複数のログを突き合わせて異常を検知するため、従来のIDS(不正侵入システム)では検知できなかった未知の脅威も、検知できる確率が高くなっている。最近のSIEMにはビッグデータ処理技術が応用されており、ほぼリアルタイムでの検知が可能になりつつあることから被害の拡大防止などへの利用が進むとみられている。
二段目 ITが苦手な経営者向け
これまで、セキュリティ対策に使われてきたIDSやセキュリティソフトは過去に使われた不正な手段を「シグネチャ」と呼ばれるルールとして持っておき、それと通信内容やソフトの振る舞いを比較して、マッチしたものを不正として検知していました。
しかし、年々不正な手段は巧妙化し、未知の方法が続々登場している中で「シグネチャ」の比較方式では検知できない不正アクセスやマルウェアが増えています。そこで登場したのが「SIEM」です。
SIEMはたくさんの機器やソフトのログを集めて、横断的に分析する手法です。通常とは違う状態を検知することができます。
例えば、社内からサーバーにアクセスしていたAさんがログアウトした5分後に、海外からAさんのアカウントでログインがあったという場合。IDSなどでは、たとえ海外からのアクセスがあっても正しいIDとパスワードでログインされている場合は不正とは判断しません。
しかし、SIEMでは国内からのアクセスから5分後に海外からアクセスがあるのはおかしいと判断します。そして警告を発することができるのです。このように、人間の「違和感」レベルで不正を検知できるのがSIEMです。
三段目 小学生向け
みなさんはお城と門番は分かりますよね? ここではコンピューターの安全についてお城(コンピューター)と門番やお城を守る人(コンピューターを守る仕組み)に例えて説明します。

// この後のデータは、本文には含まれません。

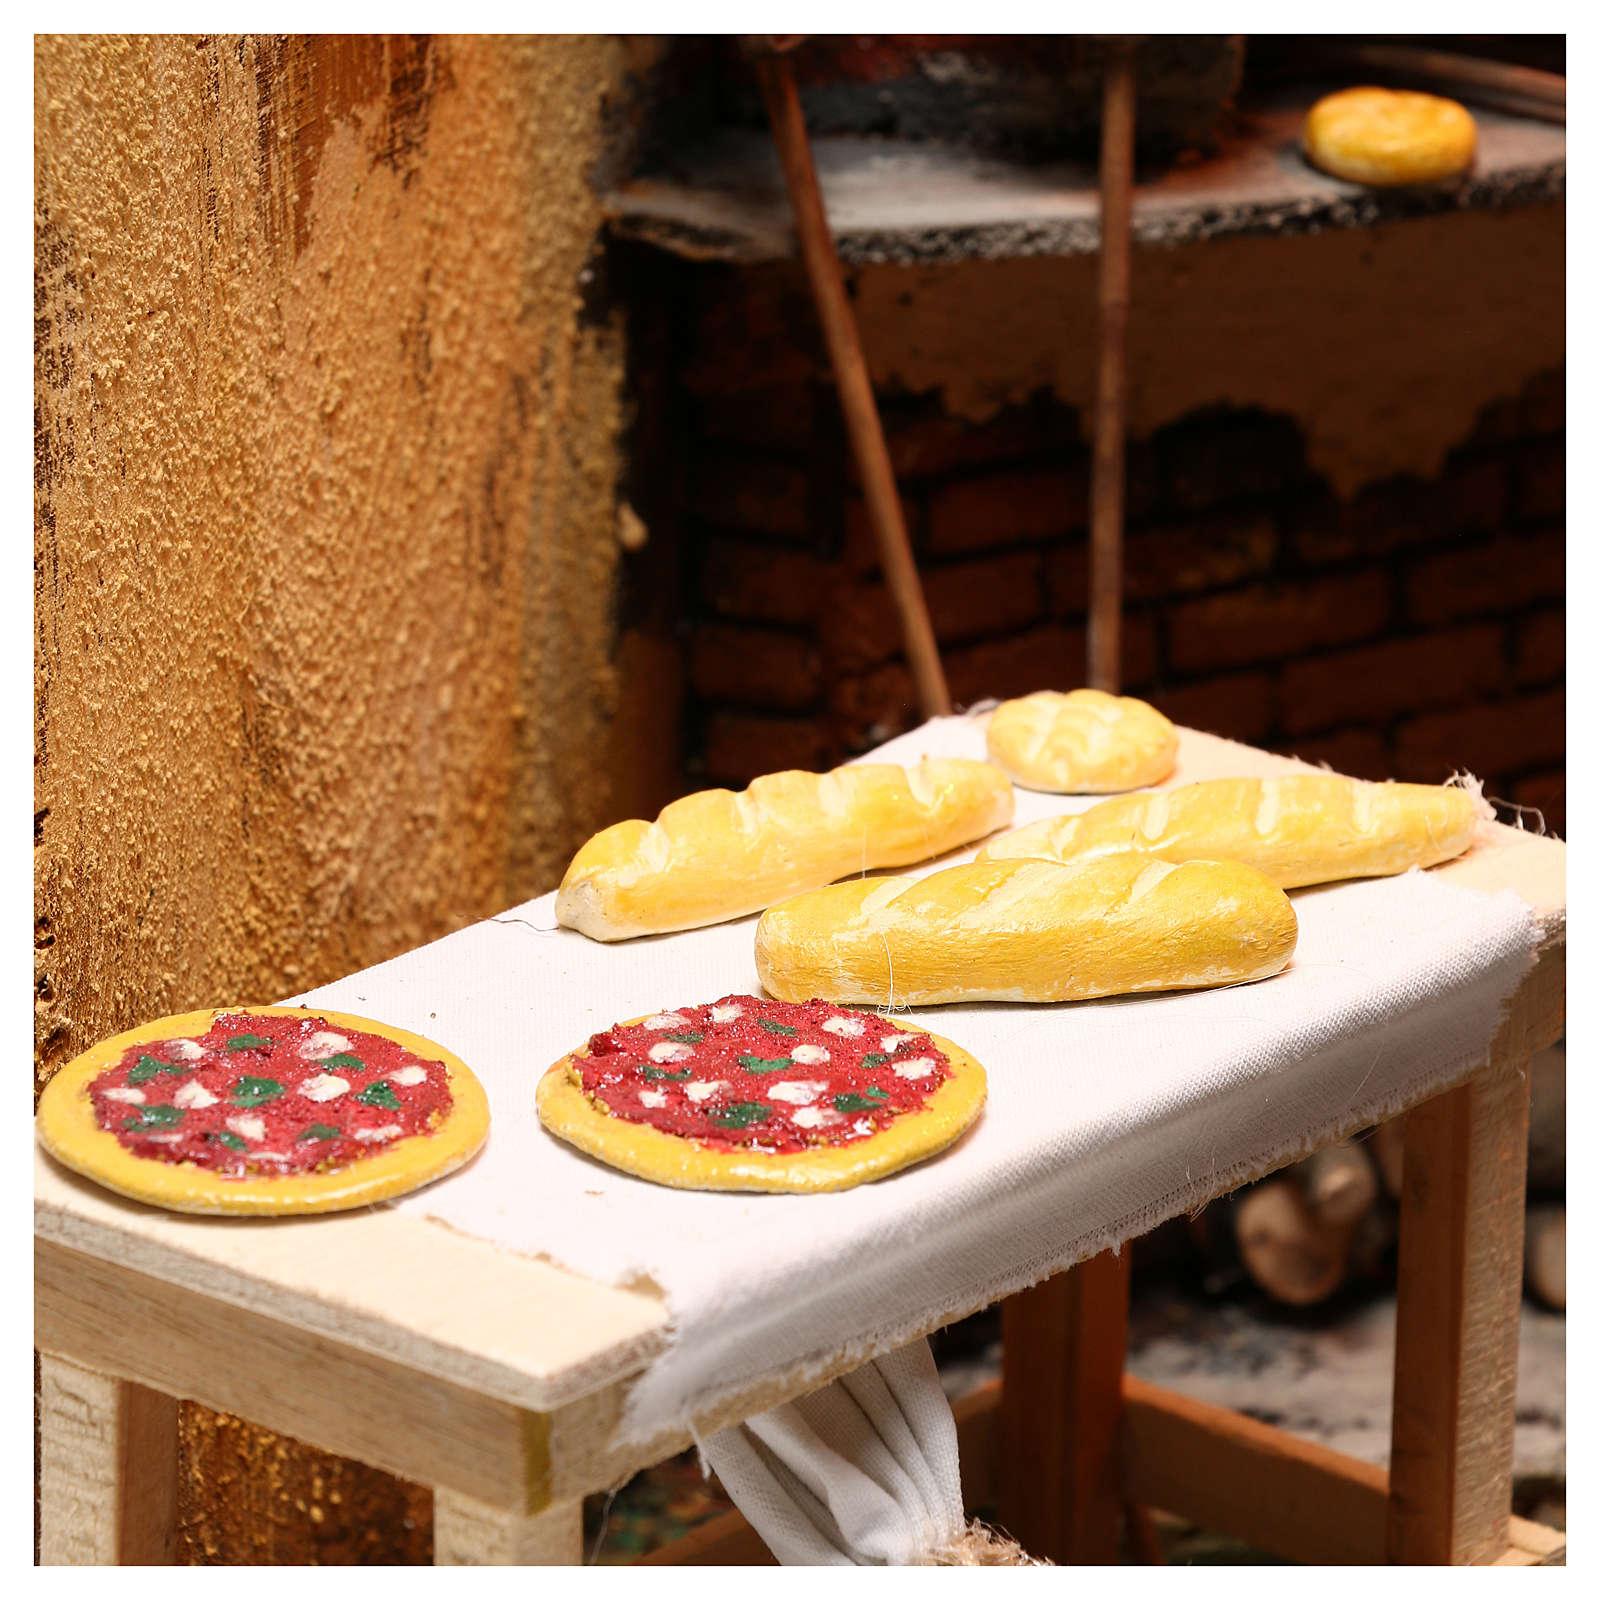 Ambientación panadería belén napolitano 24 cm 4

お城には高い城壁があり、ところどころで門が開いています。そこには門番がいて、外の人がお城の中に勝手に入って来ないように守っています。また、城壁には見張り台があって、壁をよじ登って入ろうとする人がいないか、見慣れない人が城壁の内側にいないかを監視しています。
お城の守りは年々厳しくなっています。そこで、お城に入って悪いことをしようとする人はいろいろな方法を考え始めました。例えば、「少し離れた場所から、お城の中まで穴をほって宝物を盗み出す」「商人に変装してお城の中に入り込み、秘密の情報を聞き出す」というやり方です。
このやり方では、お城を守る人たちはいくらお城の守りを厳重にしても見過ごしてしまいがちで、お城に入られてしまう可能性が高くなってしまいます。
そこで、お城を守る人たちは、お城の中や外のいろいろな情報を集めて「あれ? おかしいぞ?」ということをいち早く見つけ出し、悪い人たちからお城を守る方法を考えました。これを「SIEM(シームと読みます)」といいます。
例えば「お城の周りに住んでいる人たちから、最近お城の周りで怪しいことをしている人がいないかを聞く」「商人が来たら、身分証明書を見せてもらい、書いてある連絡先に確認をして、その人が本当にいるのか、顔の特徴があっているかなどを調べた上で中に入れる」ということを行うのです。
ただ、この方法ではお城を守るために、たくさんの情報を集めて確認しなければいけません。だからお城を守る人は大変です。しかし、最近では、たくさんの情報(ビックデータといいます)の中から、「怪しい」情報を短時間で見つける方法が生み出されています。そのため、お城の守りがさらに強固になると期待されているのです。